# WHAT THE TASK ASKS
Verbatim copy without images: return all of the data as it stands.

==== MATERIAL PROVIDED

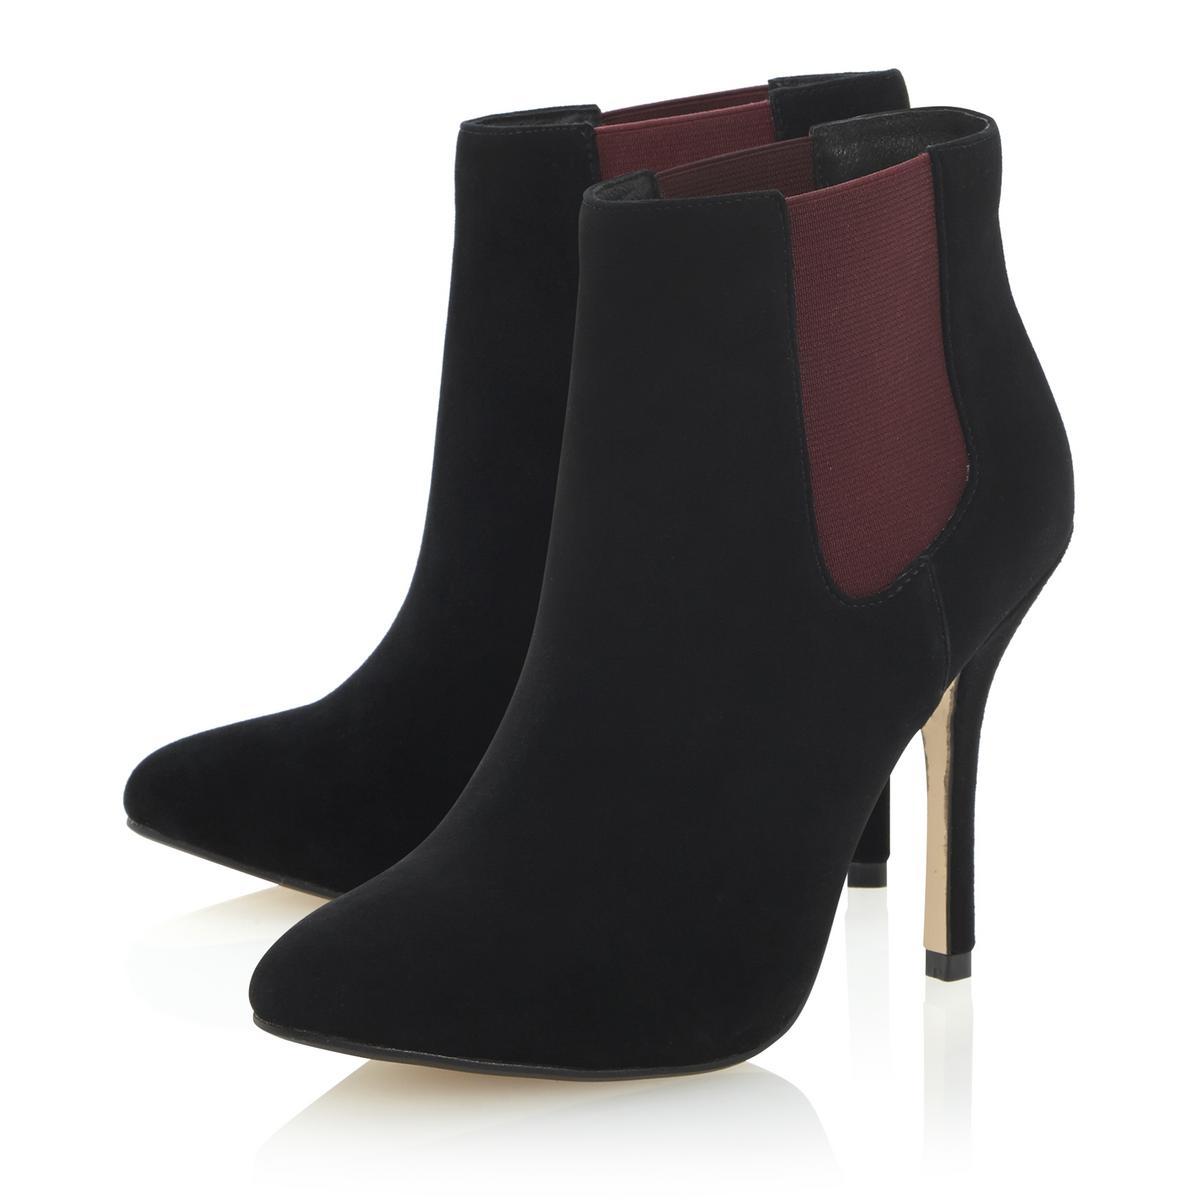 dune neesh womens black suede stiletto heel chelsea
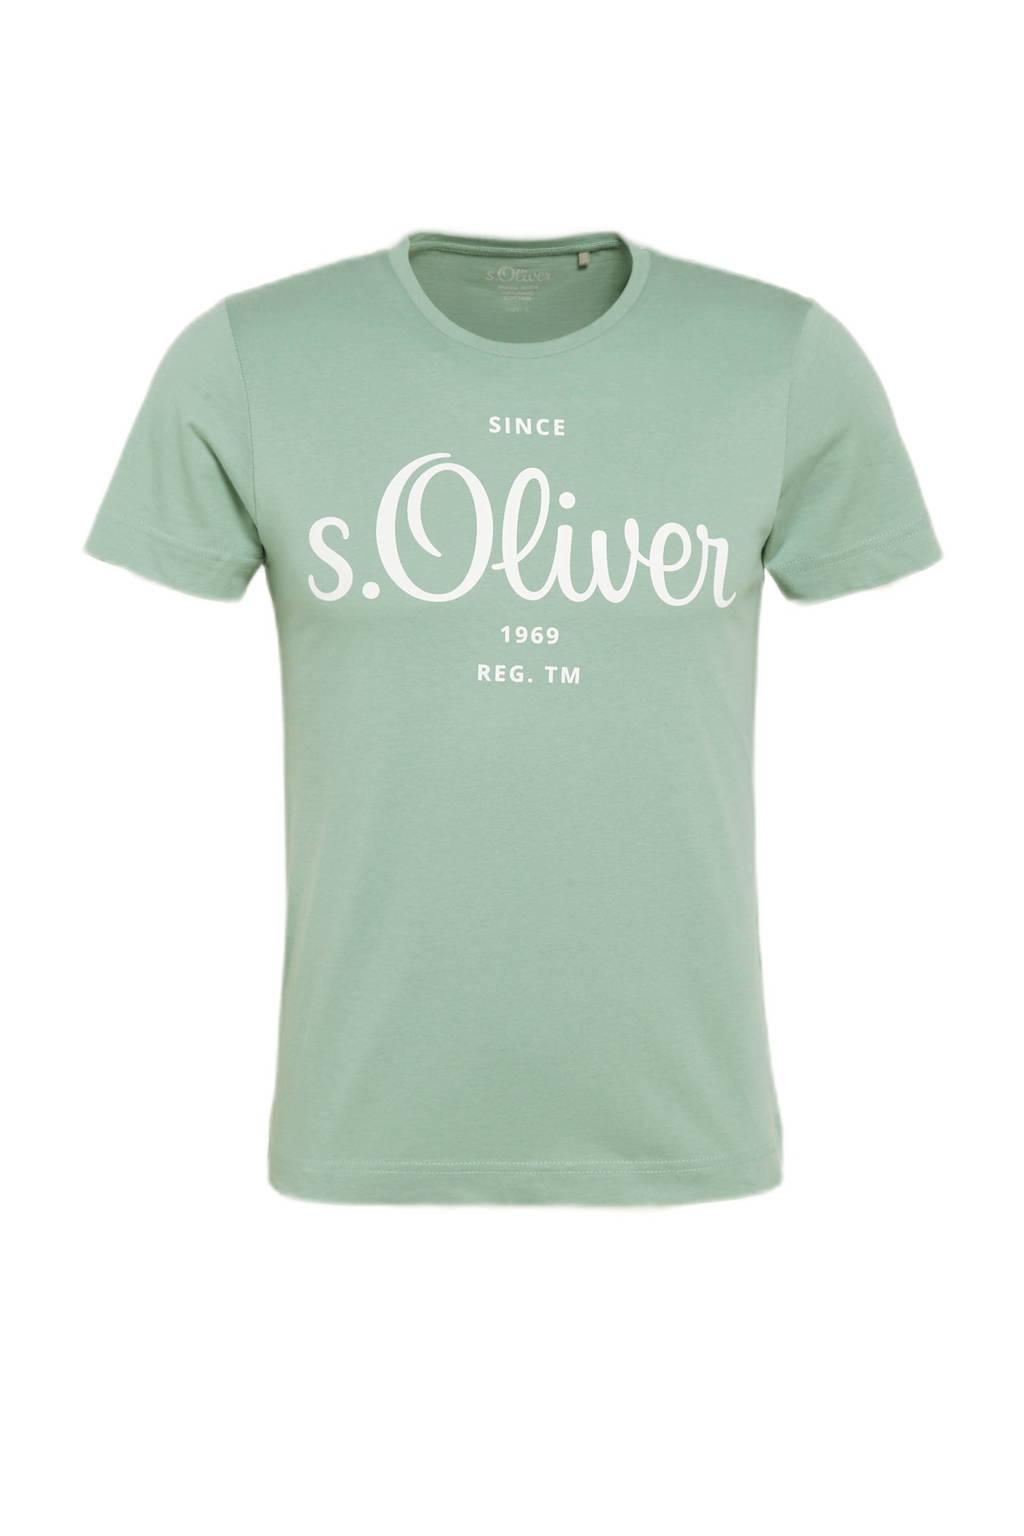 s.Oliver regular fit T-shirt met logo lichtgroen, Lichtgroen
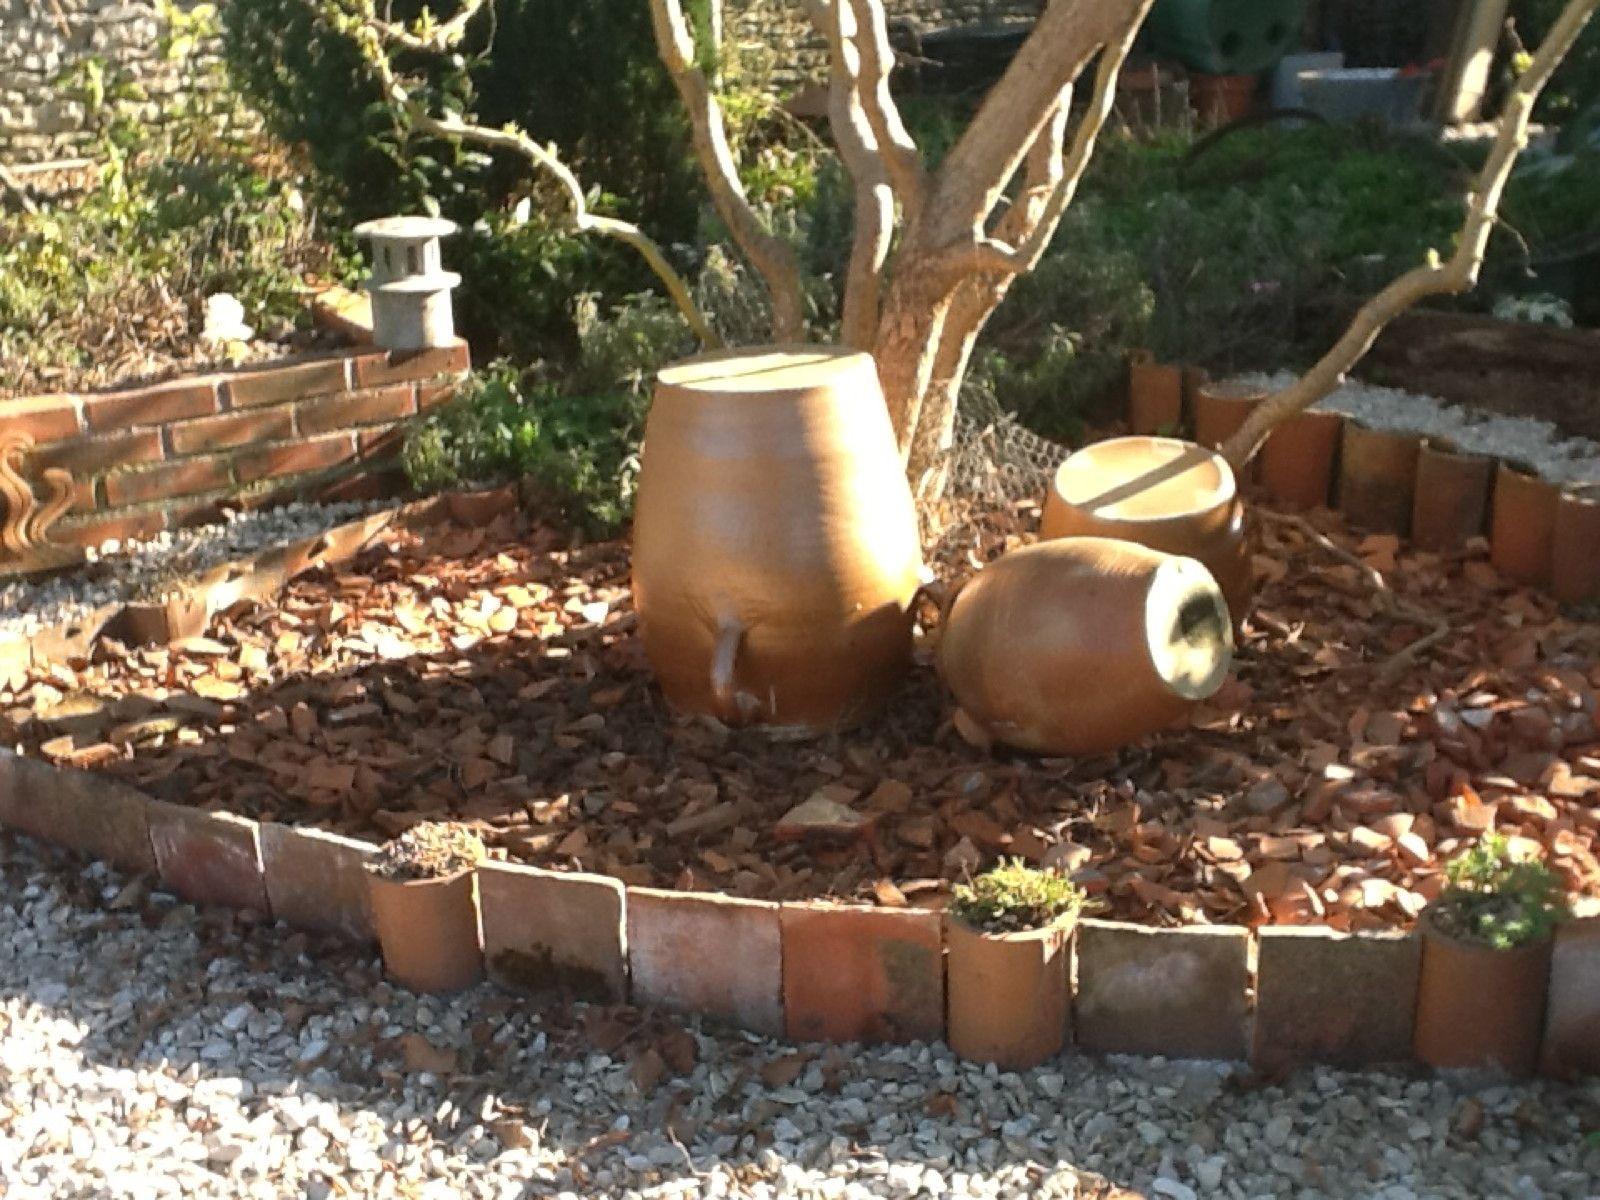 Pin by zencachou on astuces deco jardin pinterest - Deco jardin pinterest ...

========

# ANSWER BOX
 dune neesh womens black suede stiletto heel chelsea
 s.Oliver regular fit T-shirt met logo lichtgroen, Lichtgroen
 Pin by zencachou on astuces deco jardin pinterest - Deco jardin pinterest ...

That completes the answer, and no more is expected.